Страница 2 из 12
– Чем ты там, в Москве, занимаешься? Тебе замуж пора, нам хочется внуков, – мамин далёкий голос по телефону.
– Я – в бреду. И бреду сквозь осени, увязая по самое сердце.
Москва – город сломанных копий. Рыцари на фасаде «Дома Актёра» в свете низкого солнца обретают крылья, как ангелы. Мне они показались после десяти лет столичной жизни. С высоты незаметно кивнули – и приняли без возврата. Ностальгию внушает Москва даже тем, кто родился здесь и не может уехать. Вавилон, где всякий получит то, что заслуживает, если ждать умеет безропотно. Центростремительный город-кольцо, символ вечного возвращения. В Москву всегда возвращаешься: старый Арбат лёг на ладонь изогнутой линией жизни. Петлять по Москве – ещё один способ борьбы со временем. Время бежит за мной по пятам и тоненькой щёточкой заметает следы. Многие улицы, дворики, площади… стёрты с городских и дорожных карт. Неизбывное состояние скорби: деревья рубят, дома сносят, города и лица меняются, чувства-мысли проходят.
– Ты хоть понимаешь, что ты последняя? Нет ни братьев, ни сестёр. Ты – последняя из рода Серовых.
Они все уже тени. Сквозь жернова времени проскочила одна – Анна, прапрабабка моя, но не подвиг тому причиной и не преступление. Расшиблась о дно в мелком водовороте человеческих страстей. Все мы, падая в пустоту, верим, что руки любимых поймают в полёте.
Петербург же меня уронил, и рана не зарастала, несмотря на московские мази и пластыри. Срубленное дерево умирает не сразу, пока хватает питания в стволе, зеленеют и распускаются новые листья.
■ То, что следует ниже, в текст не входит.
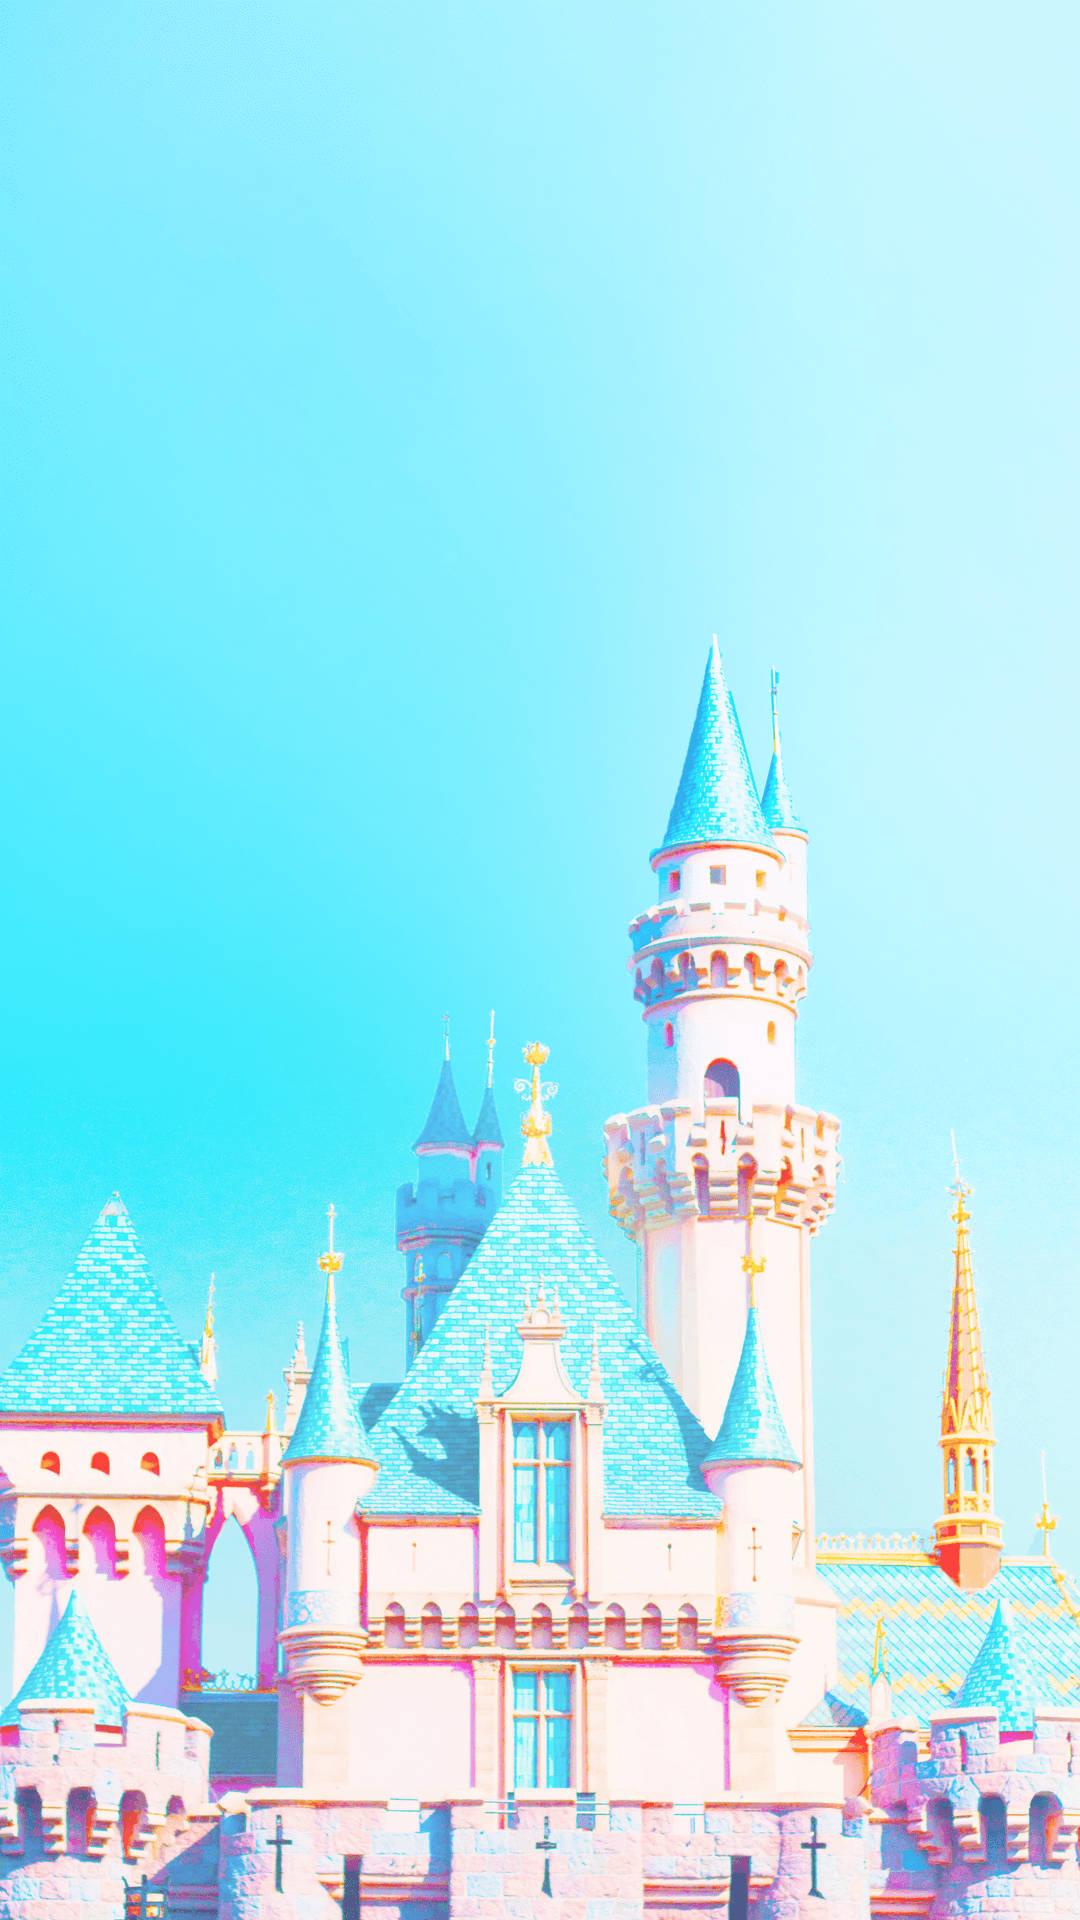 Dreamy Pastel-colored Disney Castle Picture

Одна часть его не знает, что другая давно мертва, и невольно жить продолжает – бесчувственно.
На московских бульварах вчера выставляли картины юных художников, мне полюбилась «Отчаяние»: в позе модели померещился мунковский «Крик»3.
Словом, цвета городов не смешивались, и для нас я придумала белый. Ослепительный и недоступный, как север.
Белым криком немела картина, заключённая в раму окна. В позе, сломленной ожиданием, Анна смотрела на ледяное Онежское озеро. Снег валил третьи сутки, равняя небо с землёй. Чуть свет соседи собирались откапывать дверь их крайней избы, а к сизым сумеркам опять заметало все тропки в деревне. Обещали: зима 1914-го будет лютой, и рубили сучья с дерев, и клеймили кору крестами4. Ветер бился в окно, скулил в трубе. Удары молота по наковальне, казалось, вгоняют в мёрзлую землю новый кладбищенский крест.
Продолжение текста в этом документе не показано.